Harry mention #1! Liz speaks about Normie here but not Stanley, so I’m very curious about what Stanley’s parentage is even considered to be in-universe, since he’s the son of a clone.
And now for an unexpected surprise! But a trigger warning ahead for animal abuse.

Norman meets the dog he killed in Spectacular Annual #14. That happens to be one of my very favourite Osborn Stories so I’m glad it’s still remembered!

Norman tries to justify himself by telling the dog he was saving it from an even worse death, but good people don’t make those sort of justifications.
And it’s starting to dawn on him that he can never really be a good person, either. He has a chat with Ashley Kafka, not knowing she’s now Queen Goblin and holding all his sins inside herself.

Unsurprisingly, Norman can’t live with the guilt and the demon dogs anymore.

Yep! That there is the Norman we know. Kafka knows it too, so she chooses that moment to transform into Queen Goblin and remind Norman of what he’s done to her as well. She doesn’t plan to be the vessel of Norman’s sins for much longer.

As Queen Goblin looms over Norman, Harry appears as one of the ghosts dragging him down.

“Hey dad, have you ruined my son yet?” Ghost Harry asks.
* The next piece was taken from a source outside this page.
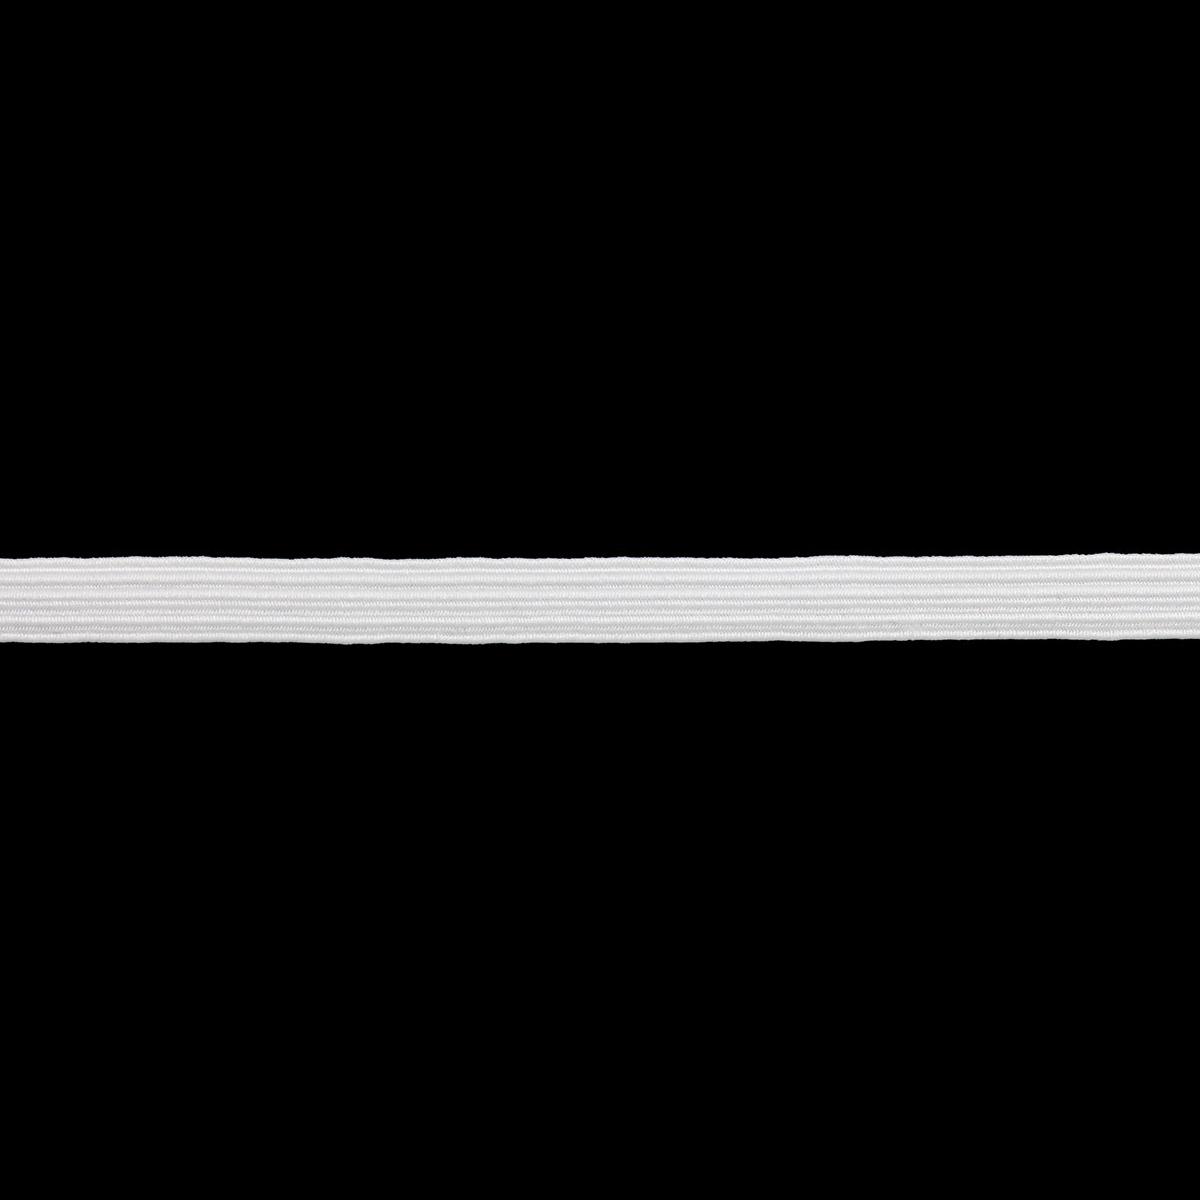 1С27 Тесьма эластичная 7мм 10м белая

Clearly he has a rather different opinion than Liz on whether Norman should be around Normie.
Norman shakes off Ashley, leaves a screaming voicemail for Peter about why he never mentioned that his sins were possessing someone else, vows to kill Queen Goblin, and encounters Ghost Gwen once more. I like the parts with Gwen very much, I much prefer this pissed-off, vaguely demonic being to Gwen as a saintly innocent angel yet again.

Awww, guess Ghost Gwen has a talking dog sidekick now.
Norman is clearly reverting back to his old self, and if he kills Ashley Kafka, who’s to say the sins won’t just go back into him? I guess we’ll find out next year.